Bertrand d'Argentré (or Argentraeus) (19 May 1519 in Vitré, Ille-et-Vilaine – 13 February 1590) was a Breton jurist and historian.

Argentraeus was born the son of Pierre d'Argentré, seneschal of Rennes, and the nephew of historian Pierre Le Baud. After studies of law in Bourges, he was named seneschal of Vitré in 1541 and seneschal of Rennes in 1547. Dismissed from that post, he was named head of the présidial court of Rennes in 1582 instead, but refused to leave Brittany even when offered coveted court positions in Paris.
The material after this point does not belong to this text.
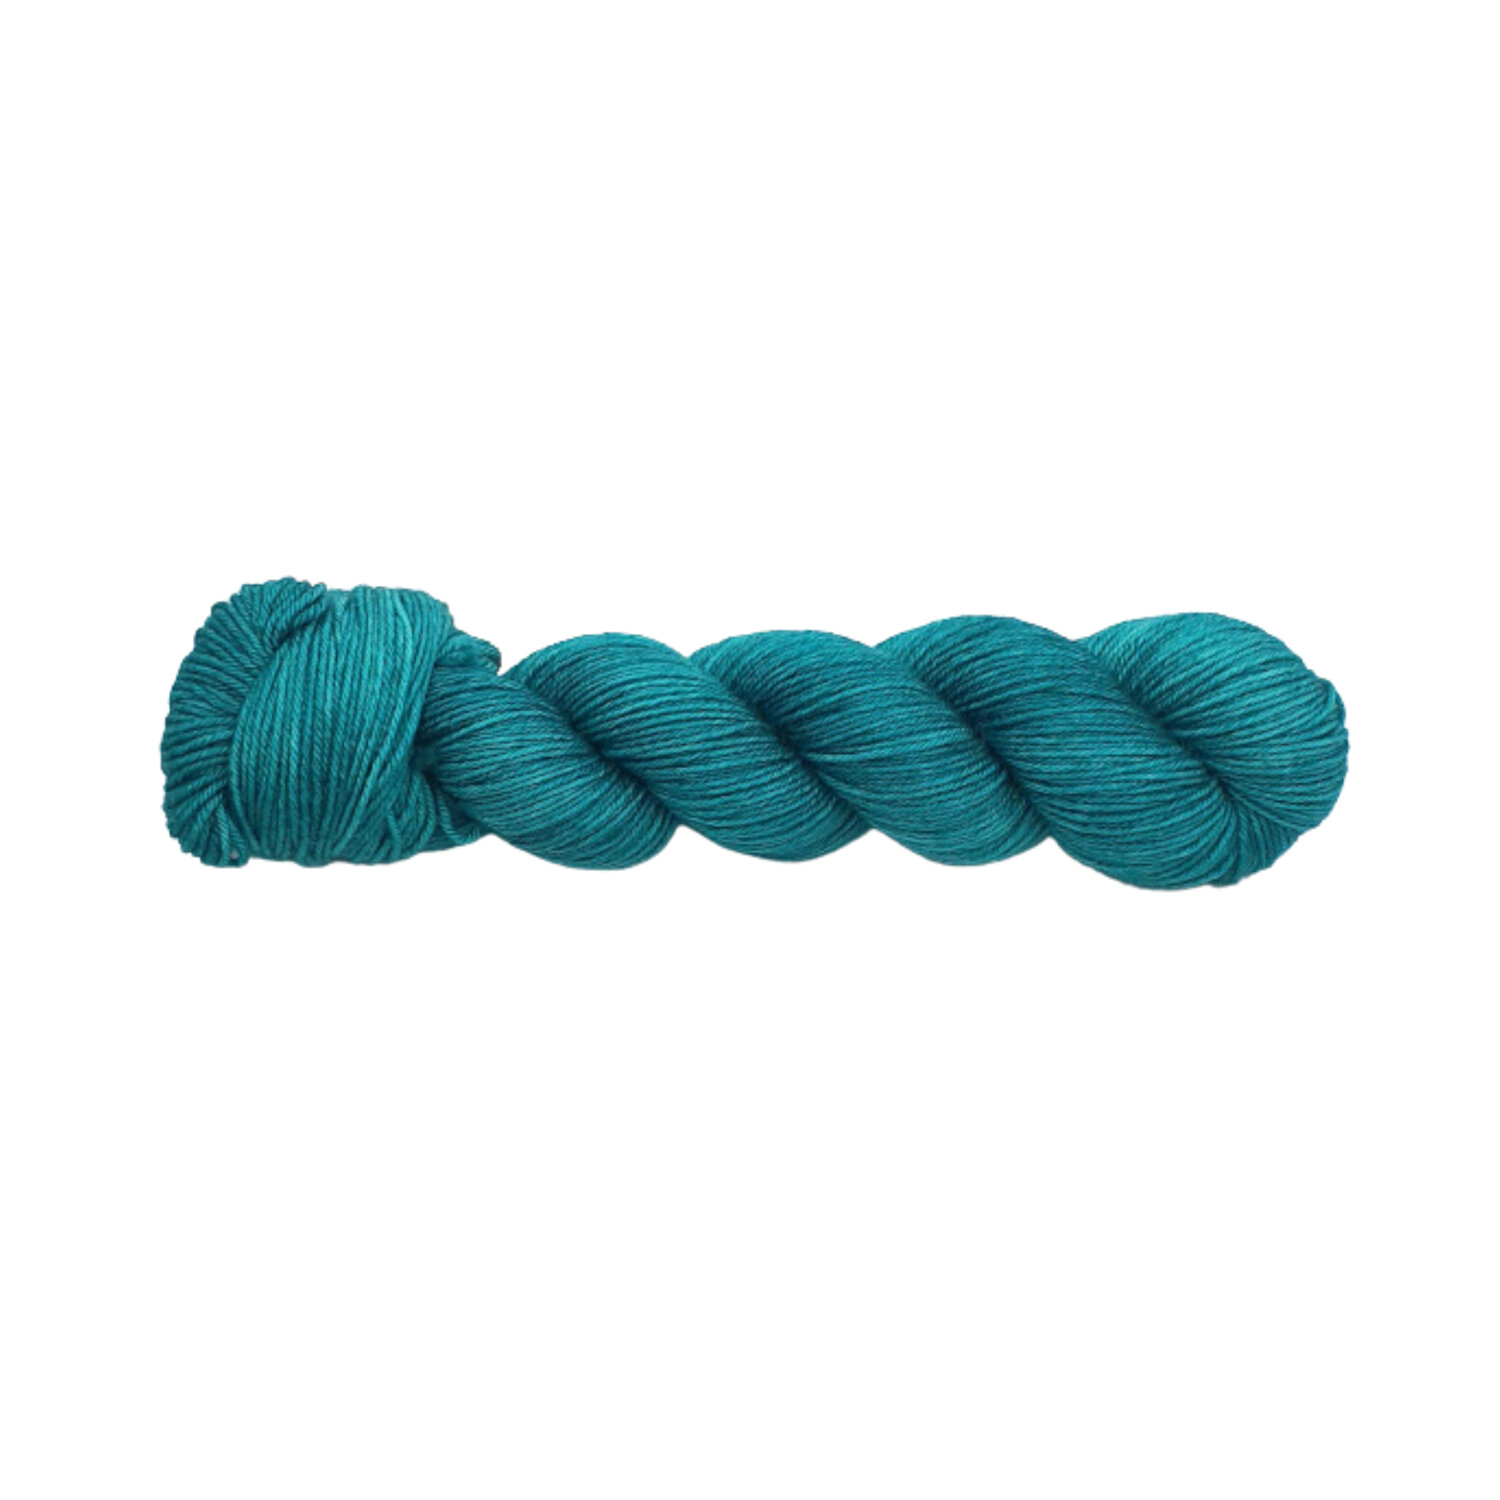 Teal for Two - DK BFL
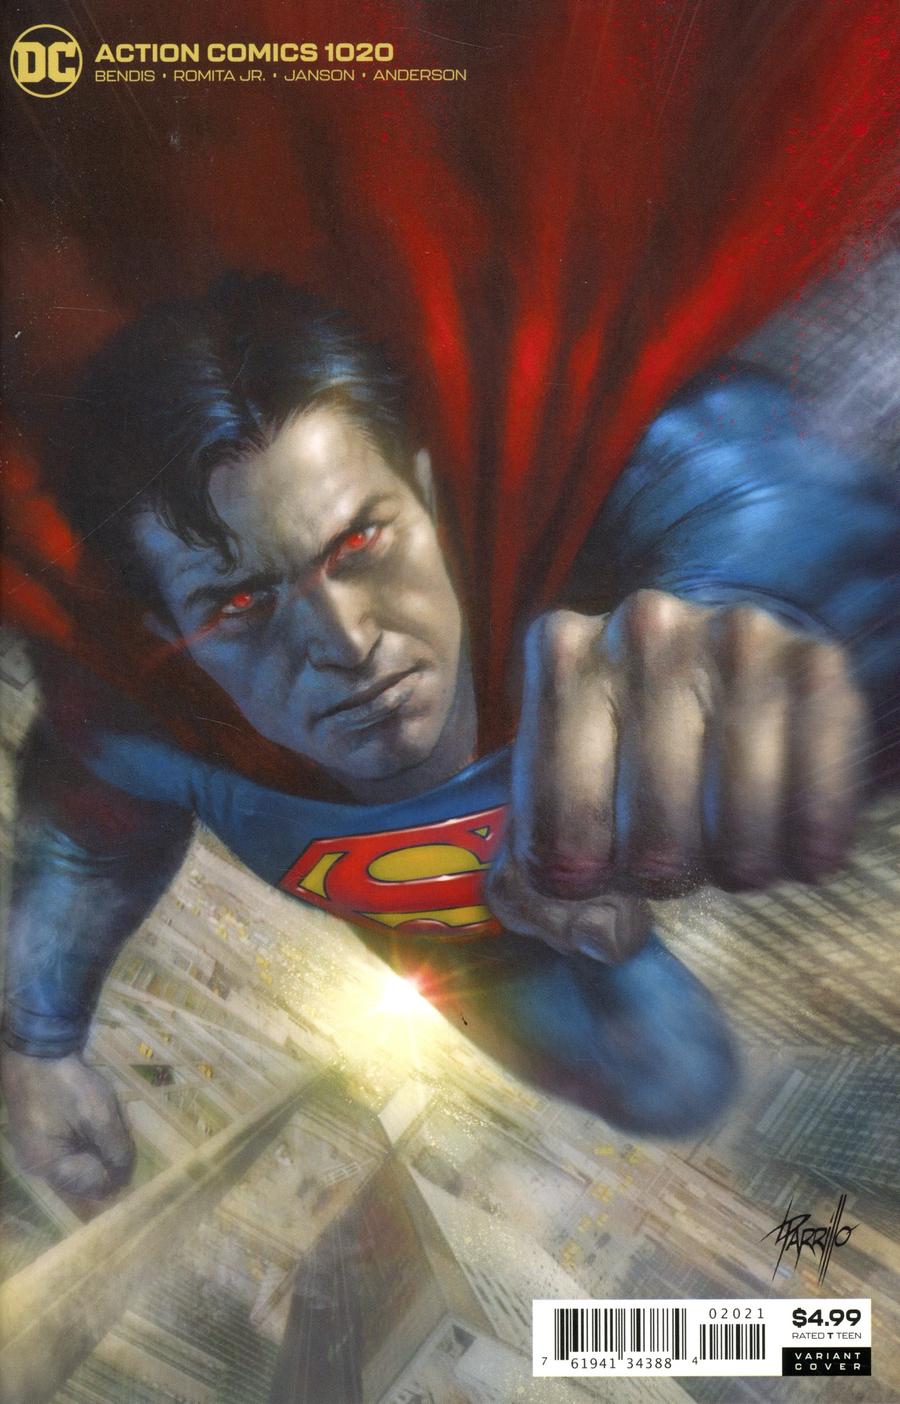 Action Comics Vol 2 #1020 Cover B Variant Lucio Parrillo Card Stock Cover

In his judicial capacity, he frequently clashed with other jurisdictions such as that of the Parlement, which he considered ignorant of Breton customs. His principal legal work is the influential Nouvelle coutume de Bretagne (1580), a compilation of customary Breton law. In that work, D'Argentré fought against the influence of French and Roman law, which he considered overly procedural and inquisitive, unmerciful to the weak, and detrimental to individual liberty.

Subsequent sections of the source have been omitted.